Acetone

L’acetone è un composto organico incolore, volatile e infiammabile dal tipico odore di menta. E’ il più semplice dei chetoni ed ha formula C3H6O e, come tutti i chetoni, presenta un gruppo carbonilico C=O: acetone in cui il carbonio carbonilico è ibridato sp2.

Anche se è universalmente noto come acetone o dimetilchetone il suo nome scientifico è propanone. Ha una temperatura di fusione di – 95.4 °C,  una temperatura di ebollizione di 56.5 °C e una densità di 0.819 g/mL a 0°C. E’ solubile in acqua in tutte le proporzioni oltre che in solventi organici quali etanolo e etere dietilico ed inoltre è esso stesso un solvente.

Il termine acetone è infatti, nell’accezione comune, sinonimo di sostanza che elimina lo smalto dalle unghie, tuttavia tale solvente contiene oltre all’acetone l’etilacetato o il butilacetato e l’alcol. In realtà tali sostanze sono disidratanti e potrebbero danneggiare le unghie oltre ad essere irritanti per gli occhi e facilmente infiammabili.

Nel solvente per smalti vengono aggiunte pertanto altre sostanze come l’olio di castoro, la lanolina e il palmitato di cetile. L’acetone è un ottimo solvente per gli oli e i grassi ed è quindi usato nell’industria elettronica per sgrassare e pulire componenti elettronici di precisione.
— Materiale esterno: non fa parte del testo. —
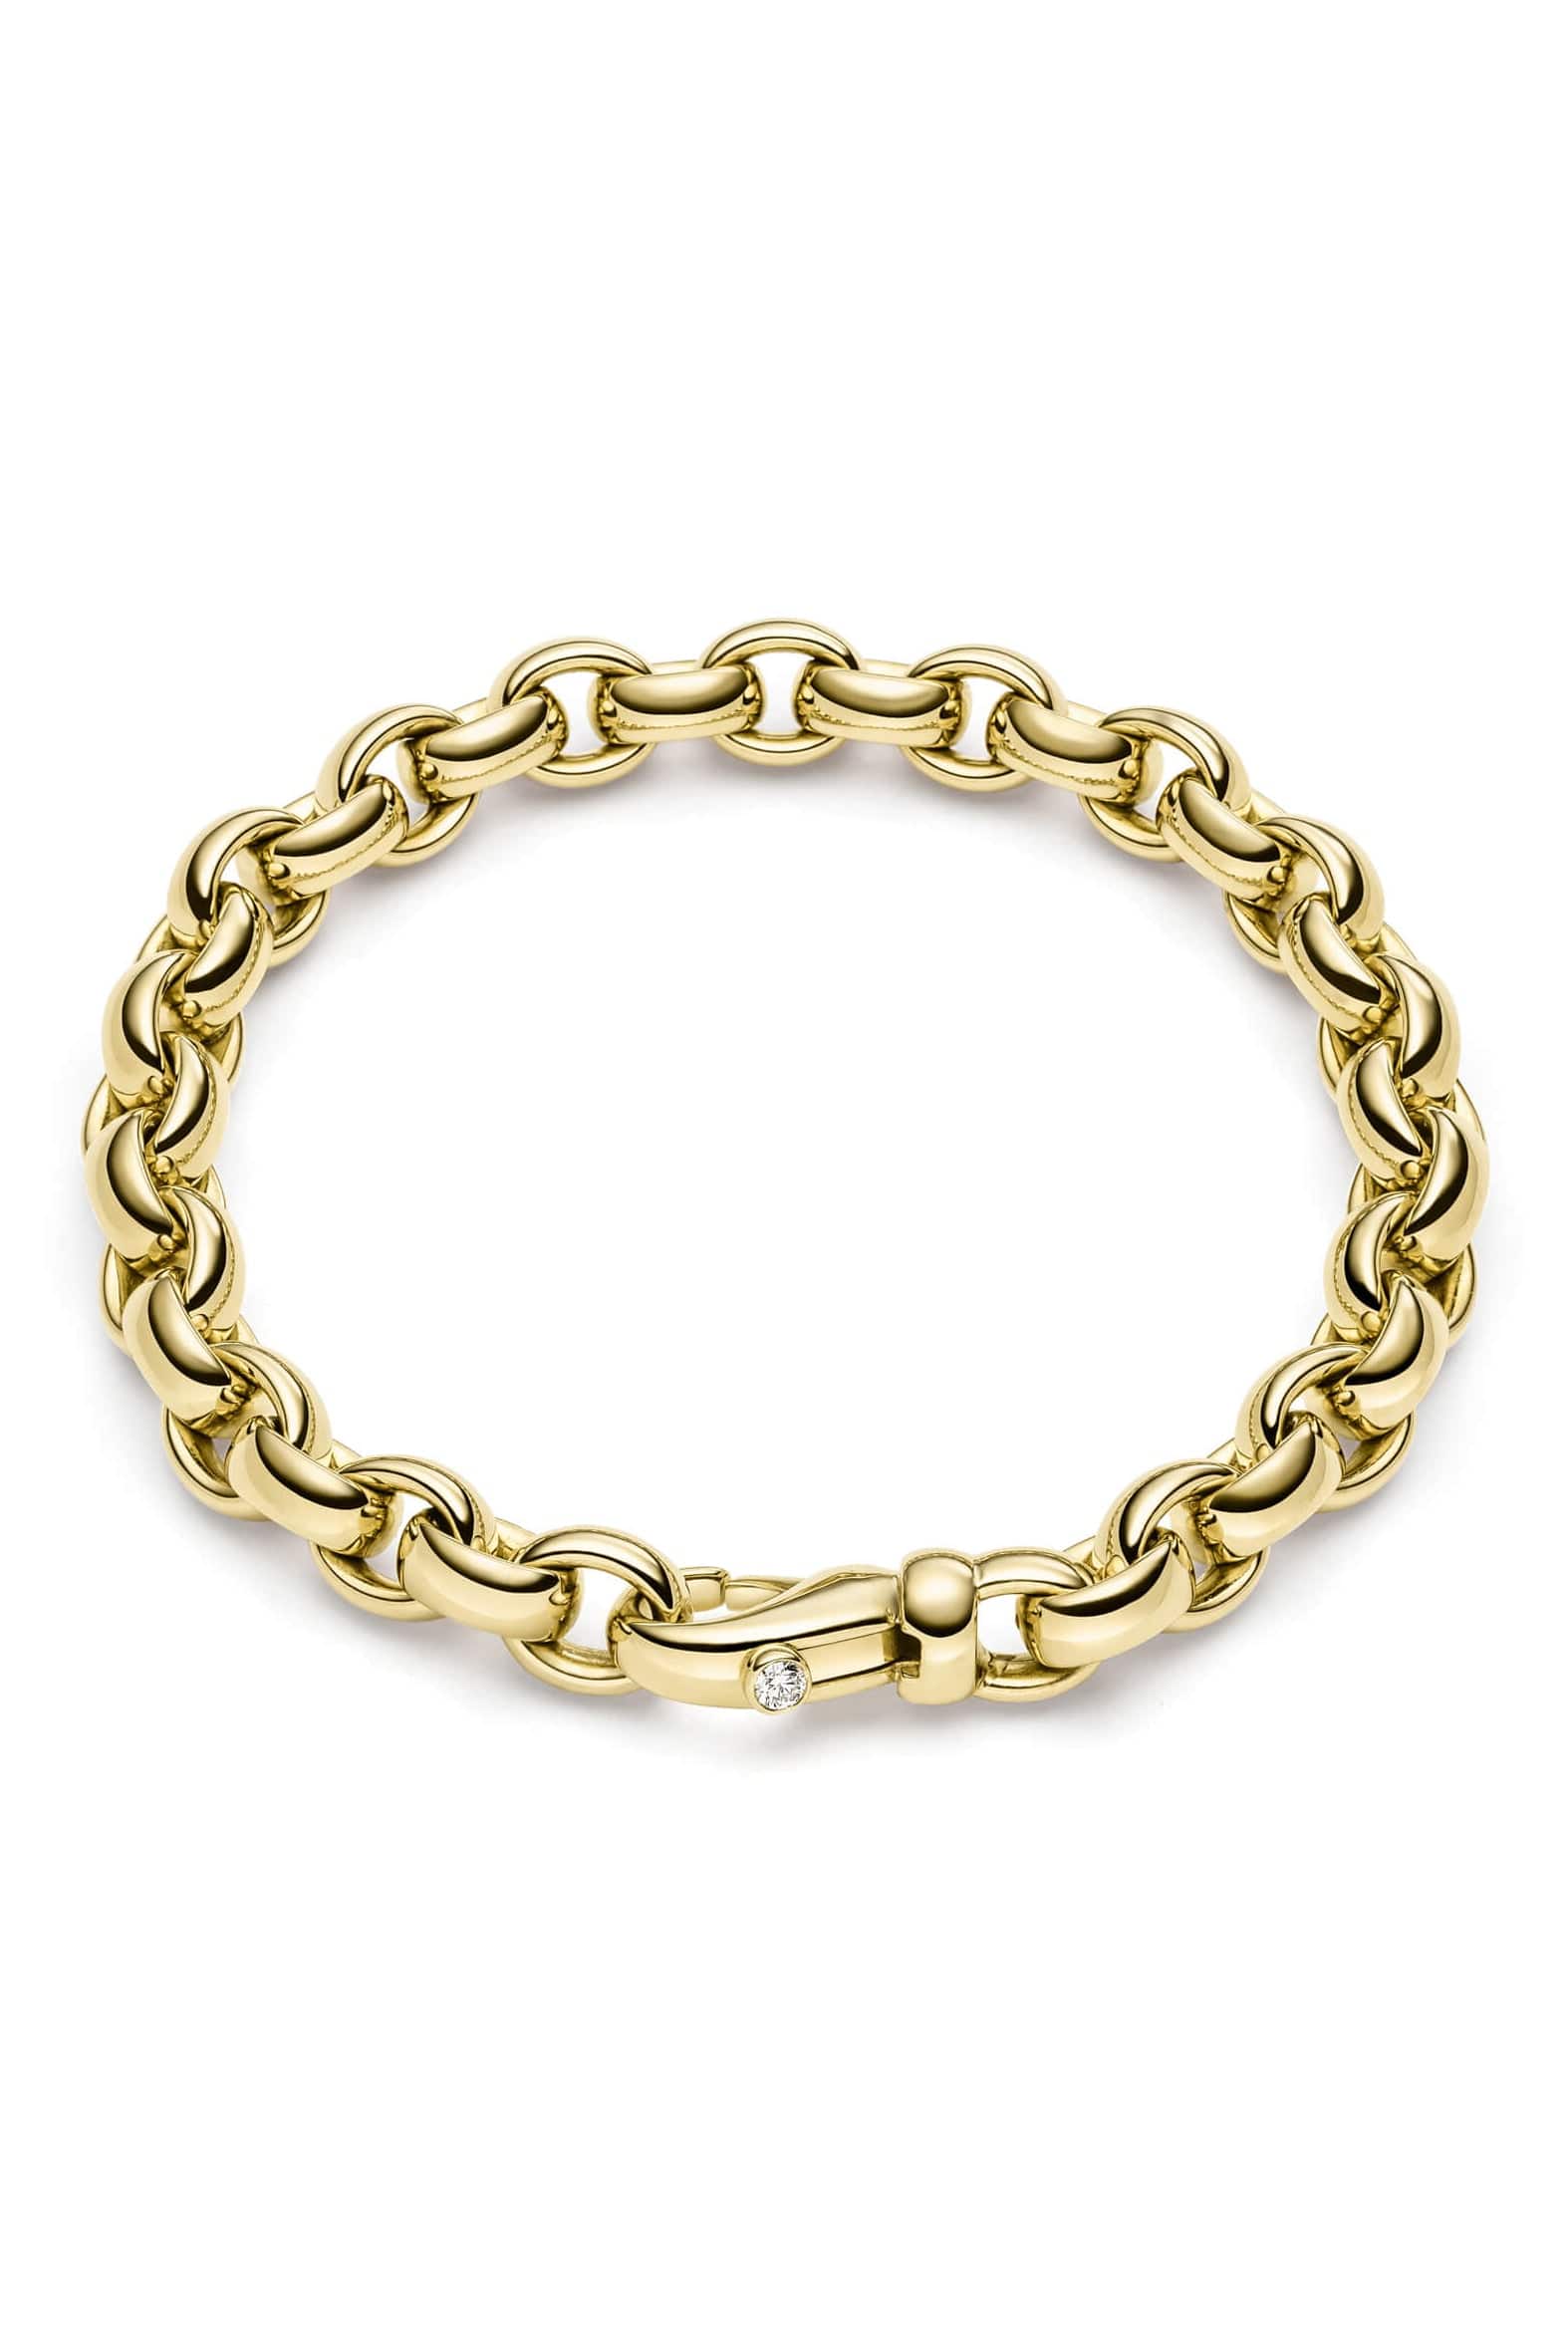 ISABELLE FA-ChaCha Bracelet-YELLOW GOLD

Viene anche utilizzato nella formulazione di vernici, mastici, liquidi per la pulizia e svernicianti, così come per la produzione di resine epossidiche e metacriliche.

L’acetone è uno solventi organici  meno tossici ma un’ inalazione prolungata di alte concentrazioni di vapori provoca irritazione delle vie respiratorie, mal di testa, perdita di memoria, e in casi estremi, perdita di coscienza. Altri sintomi di intossicazione acetone includono vertigini, nausea, o sonnolenza.

Sintesi

Il metodo di sintesi industriale più comunemente usato è il processo Hock in cui si fanno reagire propene e benzene in presenza di ossigeno con ottenimento di acetone e fenolo:

CH3CH=CH2 + C6H6 + O2 → CH3COCH3 + C6H5OH

Tale reazione è particolarmente utilizzata in quanto il fenolo che costituisce l’altro prodotto della reazione è anch’esso una specie molto richiesta dall’industria chimica. Un altro metodo di sintesi dell’acetone prevede l’idratazione del propene con ottenimento dell’alcol secondario 2-propanolo:

CH3CH=CH2 + H2O → CH3CHOHCH3

dalla cui ossidazione si ottiene il chetone.

L’acetone veniva prodotto dalla distillazione secca di acetali, tramite decarbossilazione chetonica:

Ca(CH3COO)2 → CaO + CO2 + CH3COCH3

Reazioni

Oltre alle reazioni tipiche dei chetoni, l’acetone dà alcune reazioni che danno prodotti largamente usati nell’industria.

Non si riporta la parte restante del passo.